> _Work to complete_
Where a picture shows up in the listing below, omit it and output the rest exactly.

> _Data segment_
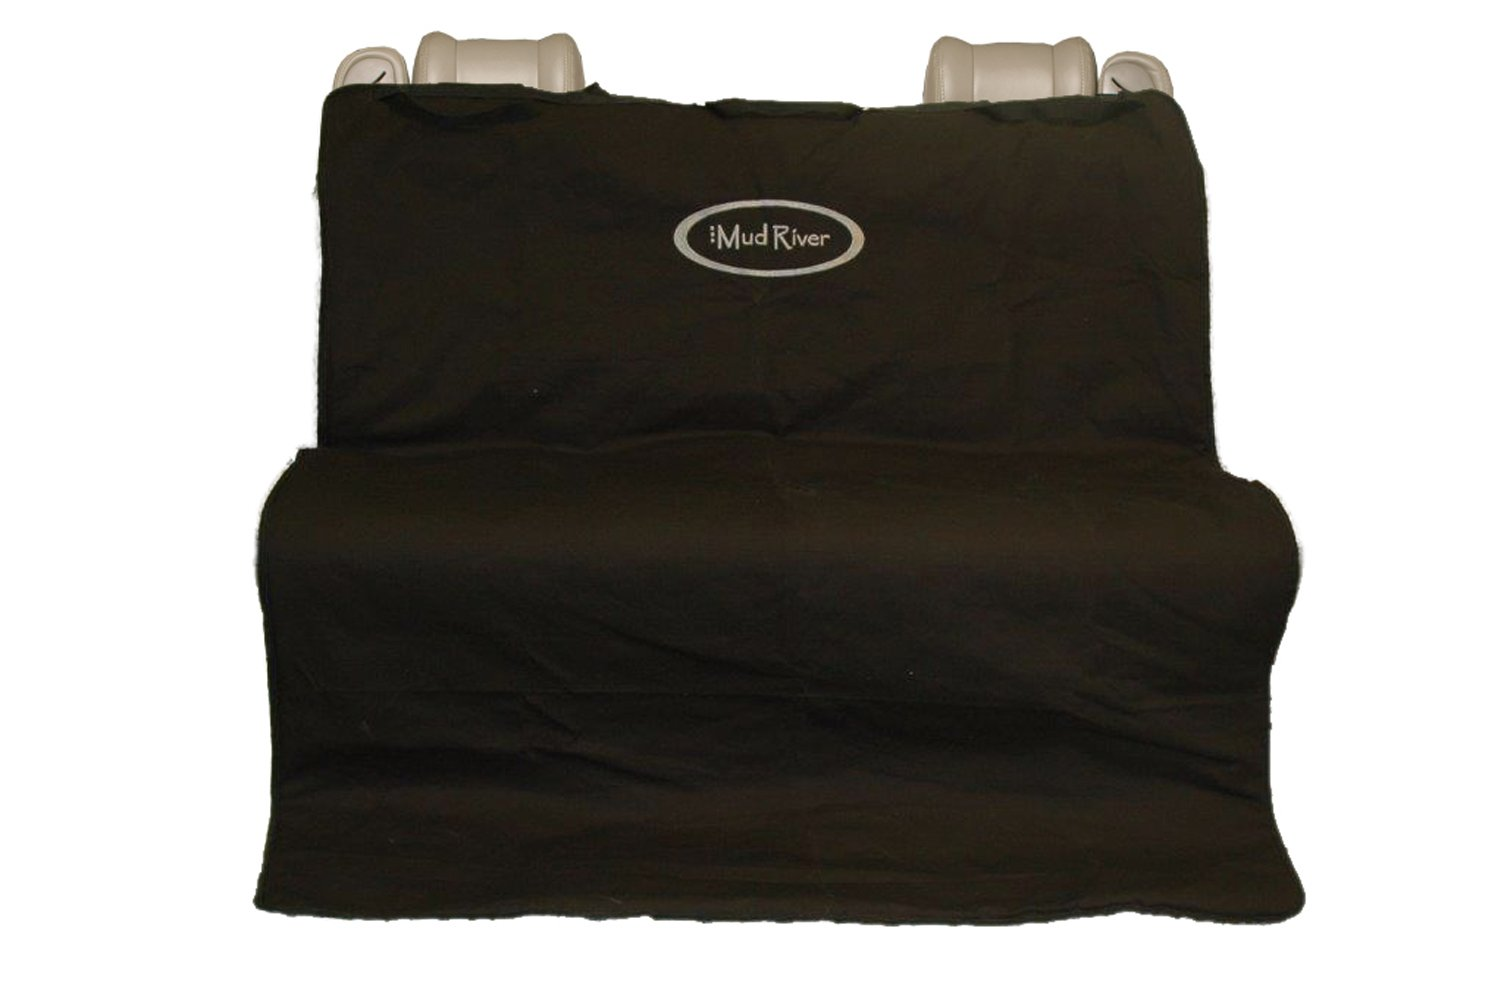 Mud River Mudriver Two Barrel Double Seat Cover Black, Regular
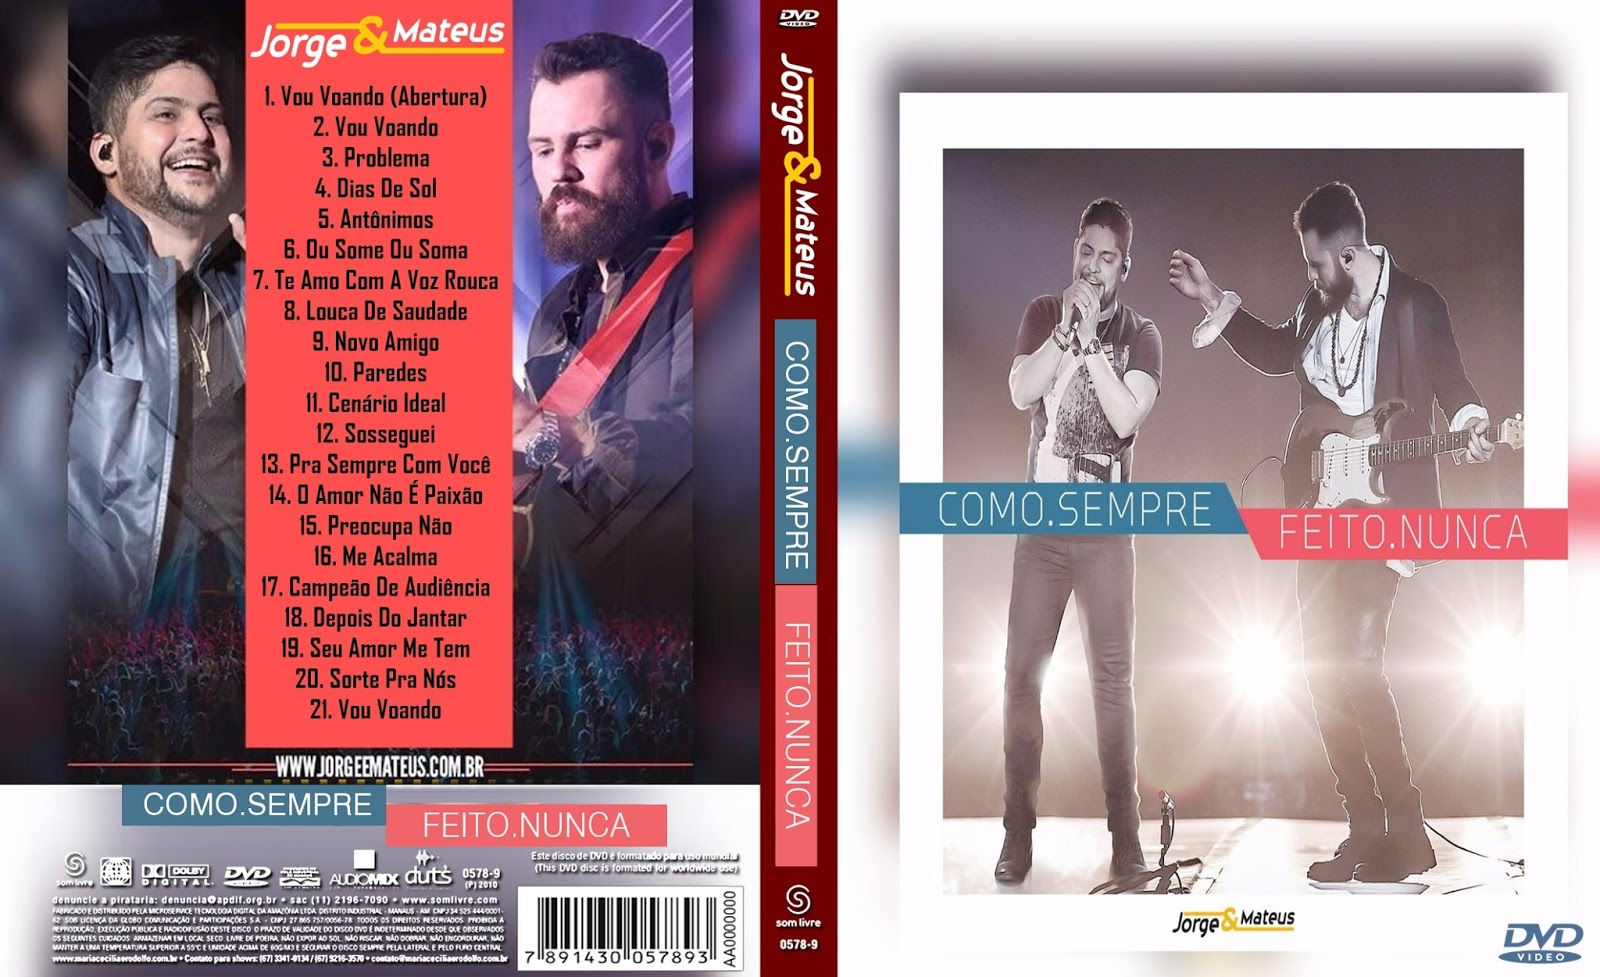 Jorge & Mateus Como Sempre Feito Nunca DVDRip XviD 2016 Jorge 2B 2526 2BMateus 2BComo 2BSempre 2BFeito 2BNunca 2BDVD 2B  2BXANDAODOWNLOAD
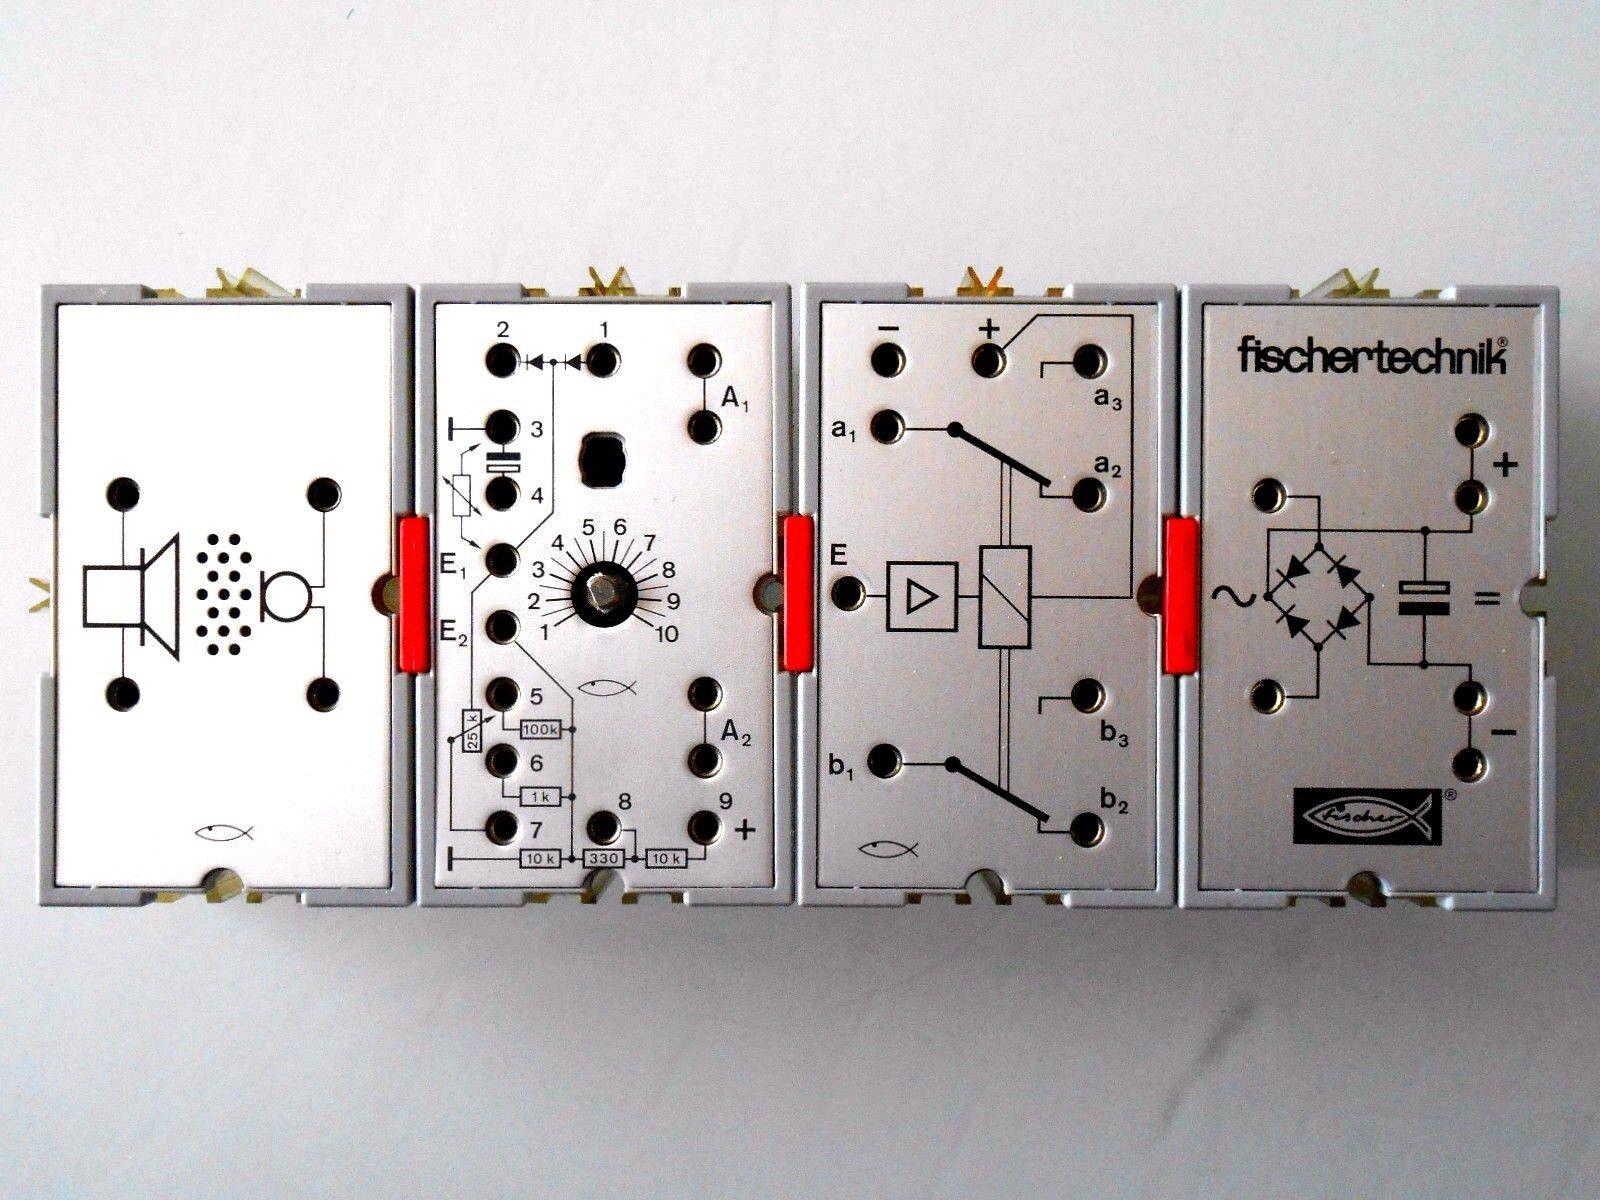 Fischertechnik argentolinge di Hobby4 u-t4 Elettronica Mattoncini   Top

> _Answer area_
 Mud River Mudriver Two Barrel Double Seat Cover Black, Regular
 Jorge & Mateus Como Sempre Feito Nunca DVDRip XviD 2016 Jorge 2B 2526 2BMateus 2BComo 2BSempre 2BFeito 2BNunca 2BDVD 2B  2BXANDAODOWNLOAD
 Fischertechnik argentolinge di Hobby4 u-t4 Elettronica Mattoncini   Top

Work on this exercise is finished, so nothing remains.